** Your goal **
For the records that follow, please set down exactly the lines between the one holding "Région du Sud" and the one holding "Малярия животное. Малярийный", inclusive, and only those.

** Input data **
┄┄┄┄┄┄

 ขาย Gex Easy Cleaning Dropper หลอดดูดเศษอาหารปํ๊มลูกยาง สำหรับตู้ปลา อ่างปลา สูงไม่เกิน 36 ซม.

┄┄┄┄┄┄

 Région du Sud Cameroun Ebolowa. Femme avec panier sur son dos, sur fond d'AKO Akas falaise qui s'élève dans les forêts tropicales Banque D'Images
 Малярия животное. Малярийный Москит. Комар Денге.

┄┄┄┄┄┄

** Finished task **
 Région du Sud Cameroun Ebolowa. Femme avec panier sur son dos, sur fond d'AKO Akas falaise qui s'élève dans les forêts tropicales Banque D'Images
 Малярия животное. Малярийный Москит. Комар Денге.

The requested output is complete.